A key consideration is how a company gets its product or services to customers. Ranked #4 in the world for Global Logistics Performance, the Netherlands work on a 100% digital telecommunications network, proving it a wholly reliable country in which to branch out abroad. Indeed, Holland is “hot” right now, its inward investments having increased 10% this year alone.

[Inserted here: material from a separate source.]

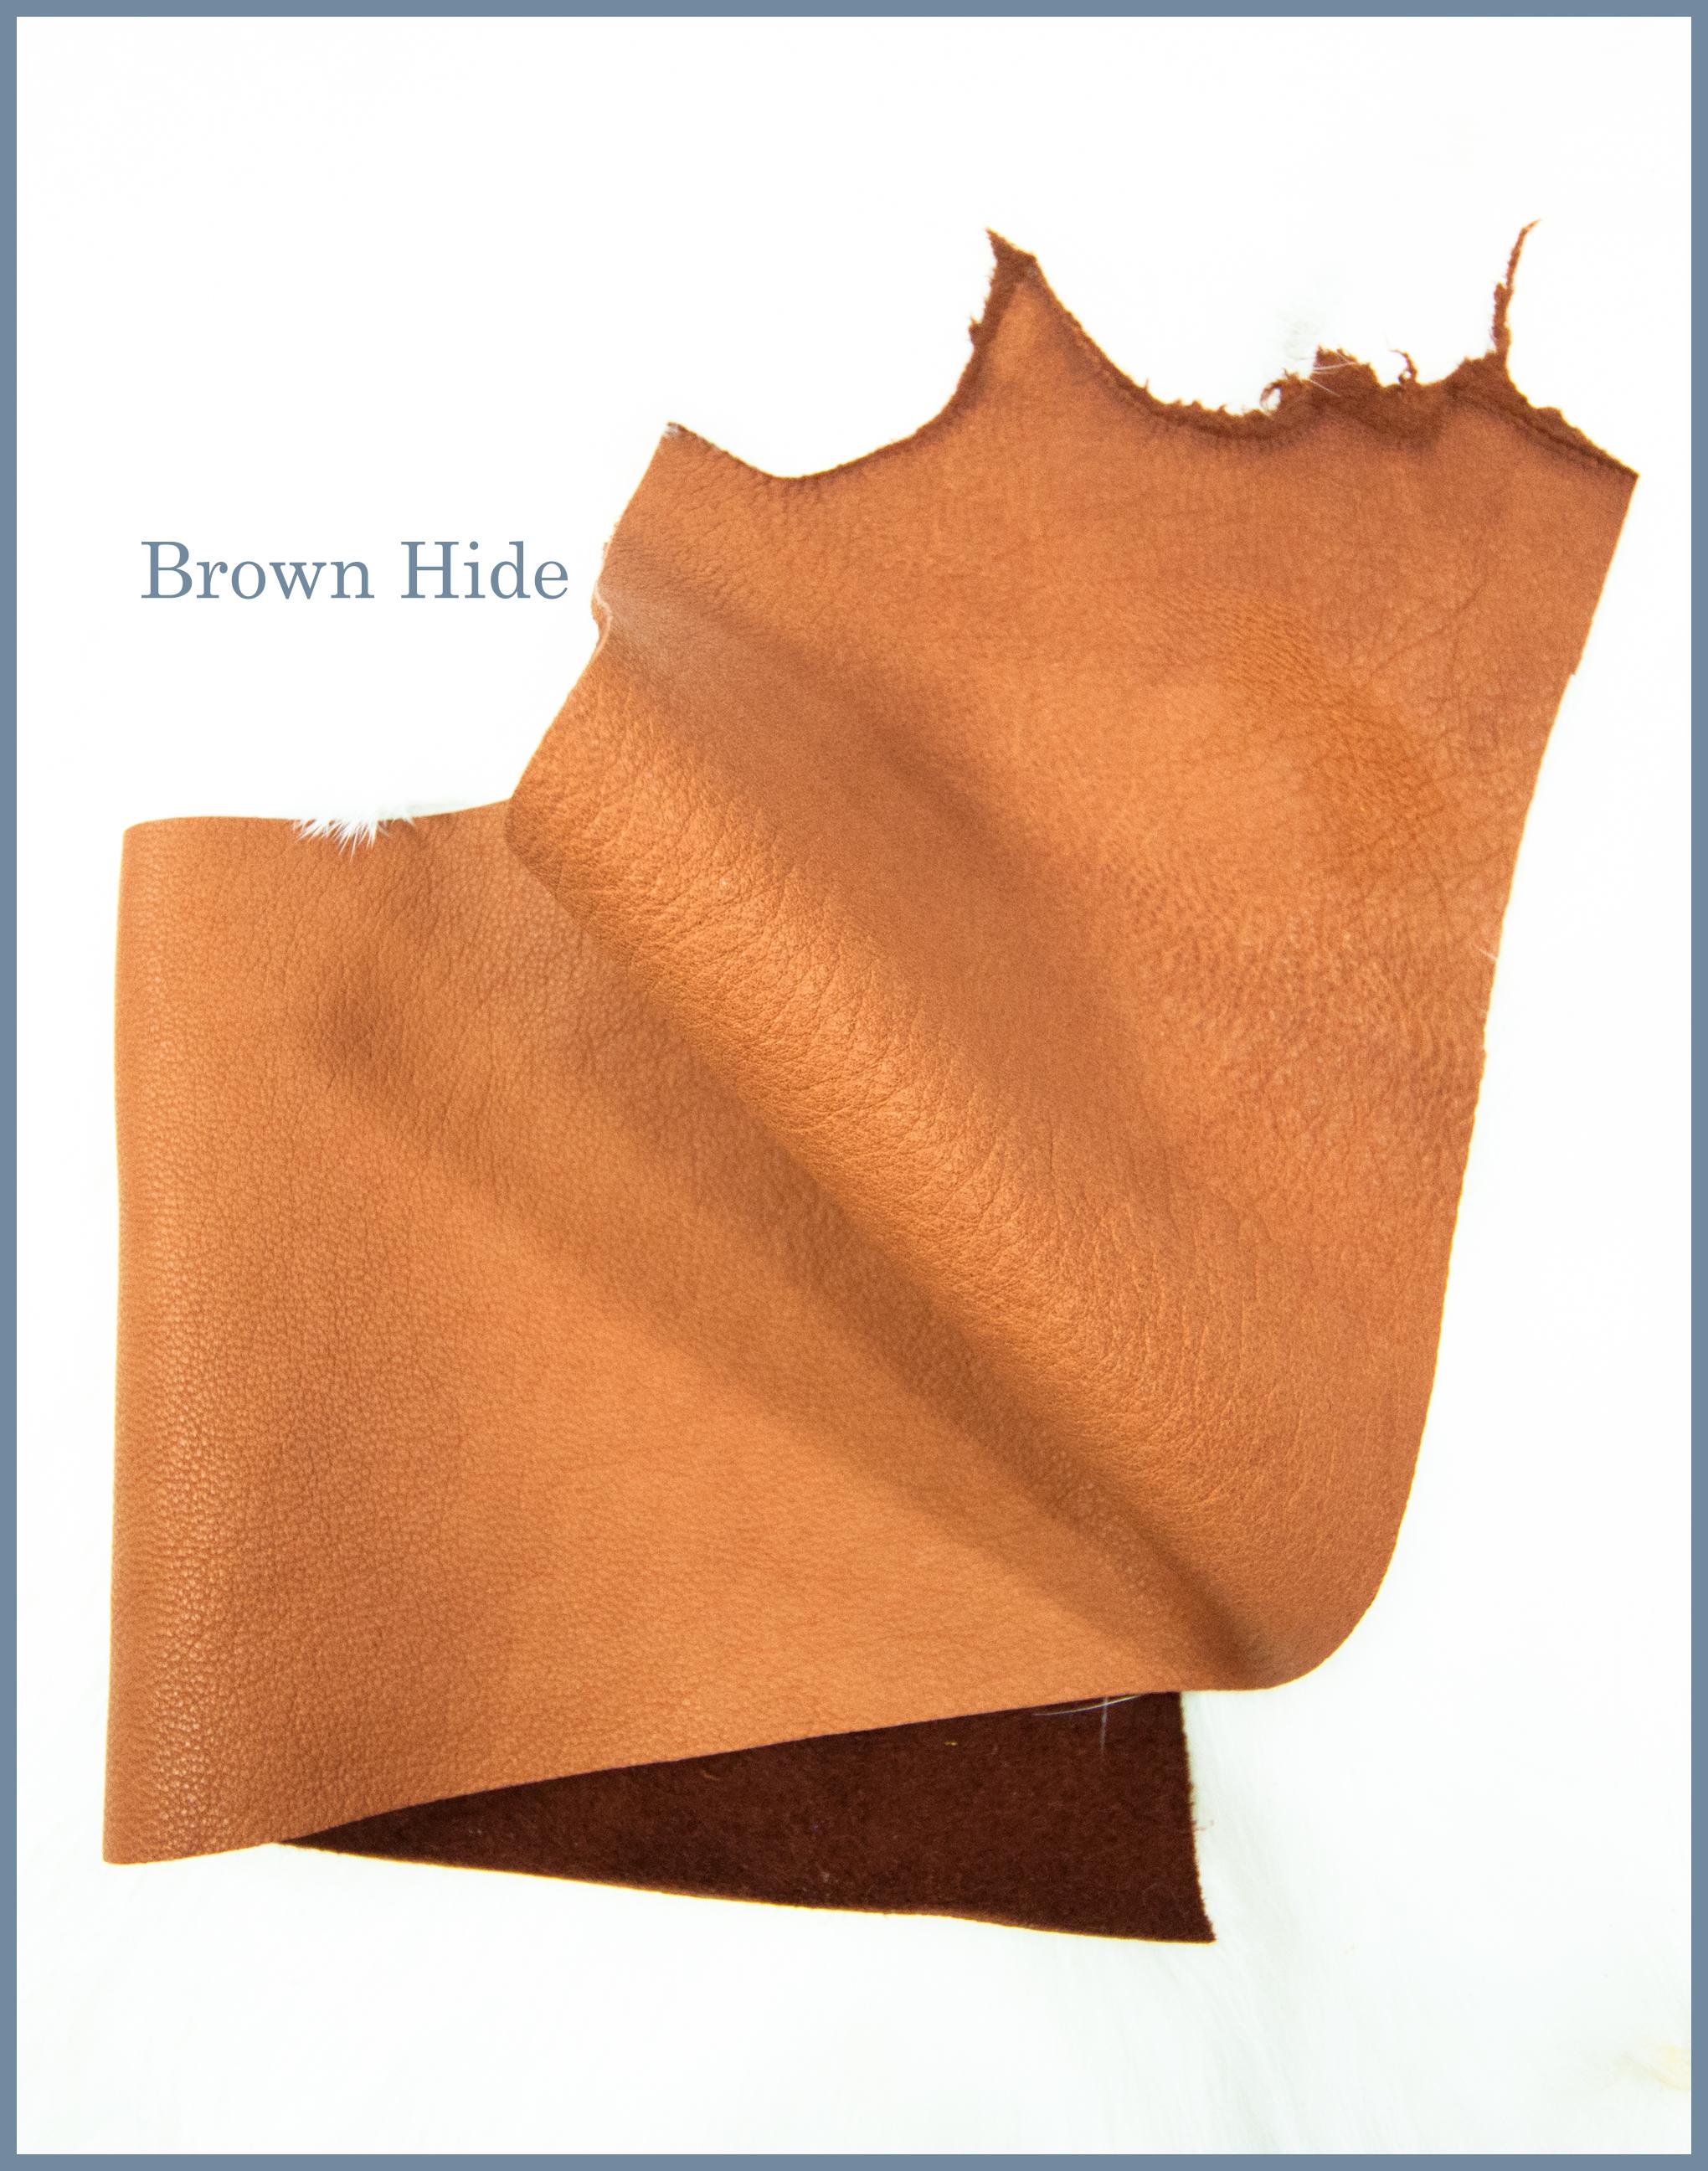 BrownHide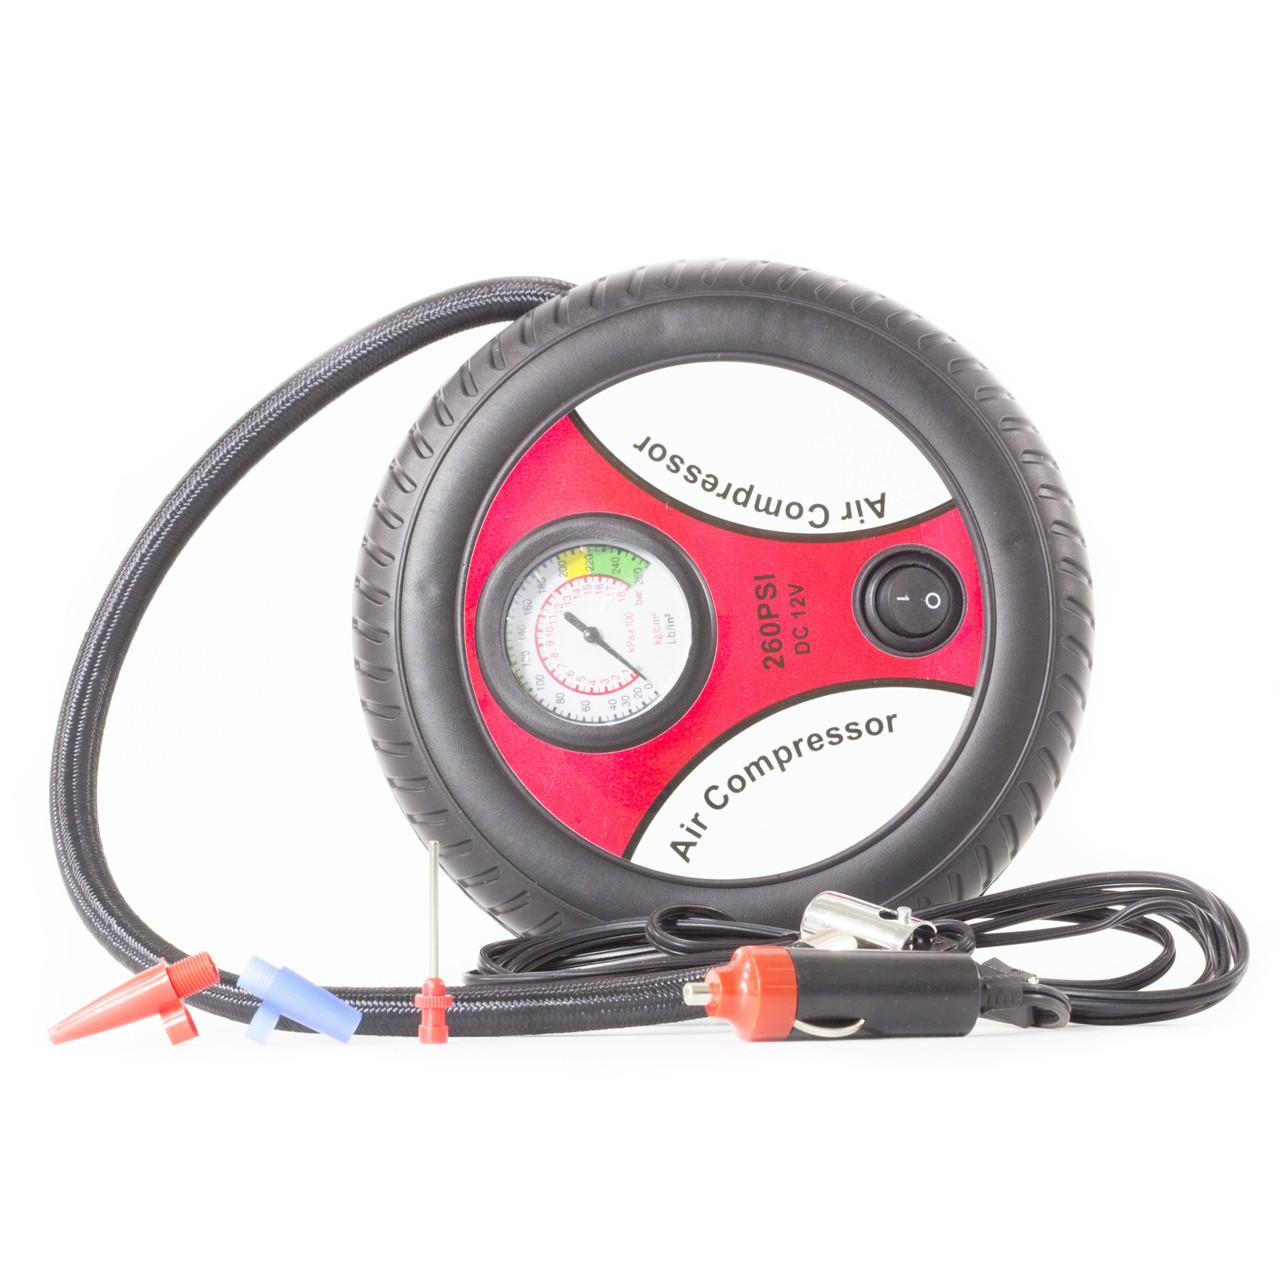 Автокомпрессор Lesko 260 PSI для машины автомобиля шины качать насос двигатель колесо

However, one size does not fit all. Some might select Canada, for its 15% corporate income tax, but in general Europe offers plenty of choice and its corporate income tax rates start at 20%, rising only to 25% (in comparison to 35% here; one of the highest rates in the world), and that’s seriously attractive. The past decade was the most difficult for the economy in the post-war era in Europe, but the horizon is brightening, despite ongoing tensions between mainland Europe and the UK post the Brexit vote. Nonetheless, Sweden is set to benefit greatly from 2018, while Poland might a deceleration for a time.

Property and Taxation

Of course, once you’ve decided on the best country for expanding into, the next consideration is of address and tangible property. This is where a savvy company invests in property that can be sold wisely at a later date (for example, if its foreign endeavors don’t pay off), or opts to utilize Section 1031 of the Inland Revenue Code Sections (simplified by firms like 1031 Gateway for those not fluently versed in tax law) and swap domestic property for foreign, often directly. This can then lead to the contested subject of inversion and renounced US Citizenship of the company, thereby no longer being culpable for US corporate income tax. A win-win in theory, but vastly complicated in practice.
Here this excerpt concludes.